TEST compile_cons(Buffer *buf, uword *heap) {
ASTNode *node = Reader_read("(cons 1 2)");
int compile_result = Compile_entry(buf, node);
ASSERT_EQ(compile_result, 0);
// clang-format off
byte expected[] = {
// mov rax, 0x2
0x48, 0xc7, 0xc0, 0x04, 0x00, 0x00, 0x00,
// mov [rbp-8], rax
0x48, 0x89, 0x45, 0xf8,
// mov rax, 0x4
0x48, 0xc7, 0xc0, 0x08, 0x00, 0x00, 0x00,
// mov [rsi+Cdr], rax
0x48, 0x89, 0x46, 0x08,
// mov rax, [rbp-8]
0x48, 0x8b, 0x45, 0xf8,
// mov [rsi+Car], rax
0x48, 0x89, 0x46, 0x00,
// mov rax, rsi
0x48, 0x89, 0xf0,
// or rax, kPairTag
0x48, 0x83, 0xc8, 0x01,
// add rsi, 2*kWordSize
0x48, 0x81, 0xc6, 0x10, 0x00, 0x00, 0x00,
};
// clang-format on
EXPECT_ENTRY_CONTAINS_CODE(buf, expected);
Buffer_make_executable(buf);
uword result = Testing_execute_entry(buf, heap);
ASSERT(Object_is_pair(result));
ASSERT_EQ_FMT(Object_encode_integer(1), Object_pair_car(result), "0x%lx");
ASSERT_EQ_FMT(Object_encode_integer(2), Object_pair_cdr(result), "0x%lx");
AST_heap_free(node);
PASS();
}
Here is a test for that tricky nested cons
case that messed me up originally:
TEST compile_nested_cons(Buffer *buf, uword *heap) {
ASTNode *node = Reader_read("(cons (cons 1 2) (cons 3 4))");
int compile_result = Compile_entry(buf, node);
ASSERT_EQ(compile_result, 0);
Buffer_make_executable(buf);
uword result = Testing_execute_entry(buf, heap);
ASSERT(Object_is_pair(result));
ASSERT(Object_is_pair(Object_pair_car(result)));
ASSERT_EQ_FMT(Object_encode_integer(1),
Object_pair_car(Object_pair_car(result)), "0x%lx");
ASSERT_EQ_FMT(Object_encode_integer(2),
Object_pair_cdr(Object_pair_car(result)), "0x%lx");
ASSERT(Object_is_pair(Object_pair_cdr(result)));
ASSERT_EQ_FMT(Object_encode_integer(3),
Object_pair_car(Object_pair_cdr(result)), "0x%lx");
ASSERT_EQ_FMT(Object_encode_integer(4),
Object_pair_cdr(Object_pair_cdr(result)), "0x%lx");
AST_heap_free(node);
PASS();
}
Here’s a test for reading the car
of a pair.

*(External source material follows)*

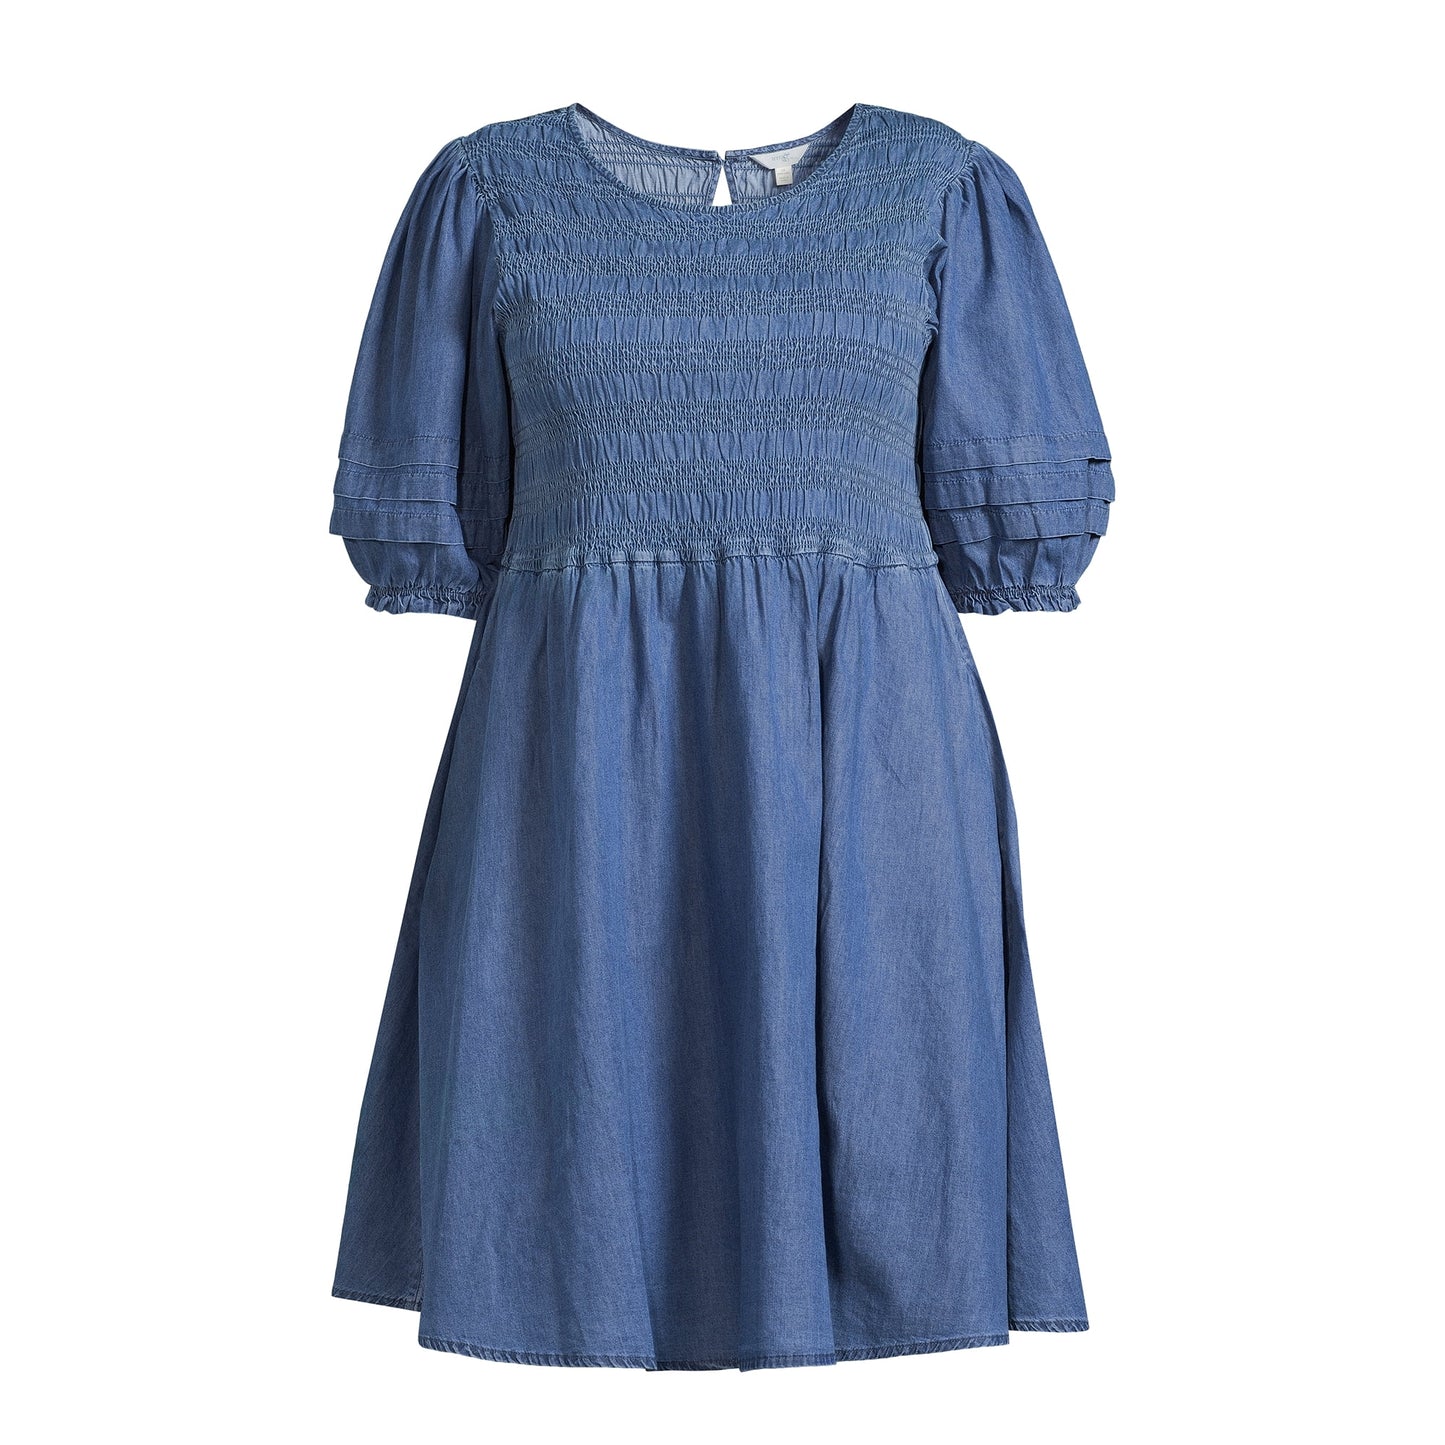 Terra & Sky Women's Plus Smocked Dress with Puff Sleeves

The test for cdr
is so similar
I will not include it here.
TEST compile_car(Buffer *buf, uword *heap) {
ASTNode *node = Reader_read("(car (cons 1 2))");
int compile_result = Compile_entry(buf, node);
ASSERT_EQ(compile_result, 0);
// clang-format off
byte expected[] = {
// mov rax, 0x2
0x48, 0xc7, 0xc0, 0x04, 0x00, 0x00, 0x00,
// mov [rbp-8], rax
0x48, 0x89, 0x45, 0xf8,
// mov rax, 0x4
0x48, 0xc7, 0xc0, 0x08, 0x00, 0x00, 0x00,
// mov [rsi+Cdr], rax
0x48, 0x89, 0x46, 0x08,
// mov rax, [rbp-8]
0x48, 0x8b, 0x45, 0xf8,
// mov [rsi+Car], rax
0x48, 0x89, 0x46, 0x00,
// mov rax, rsi
0x48, 0x89, 0xf0,
// or rax, kPairTag
0x48, 0x83, 0xc8, 0x01,
// add rsi, 2*kWordSize
0x48, 0x81, 0xc6, 0x10, 0x00, 0x00, 0x00,
// mov rax, [rax-1]
0x48, 0x8b, 0x40, 0xff,
};
// clang-format on
EXPECT_ENTRY_CONTAINS_CODE(buf, expected);
Buffer_make_executable(buf);
uword result = Testing_execute_entry(buf, heap);
ASSERT_EQ_FMT(Object_encode_integer(1), result, "0x%lx");
AST_heap_free(node);
PASS();
}
I didn’t cover variable-length objects in this post because I wanted to focus
on the basics of allocating and poking at allocated data structures. Next time,
we’ll add symbols and strings we’ll learn about instruction encoding.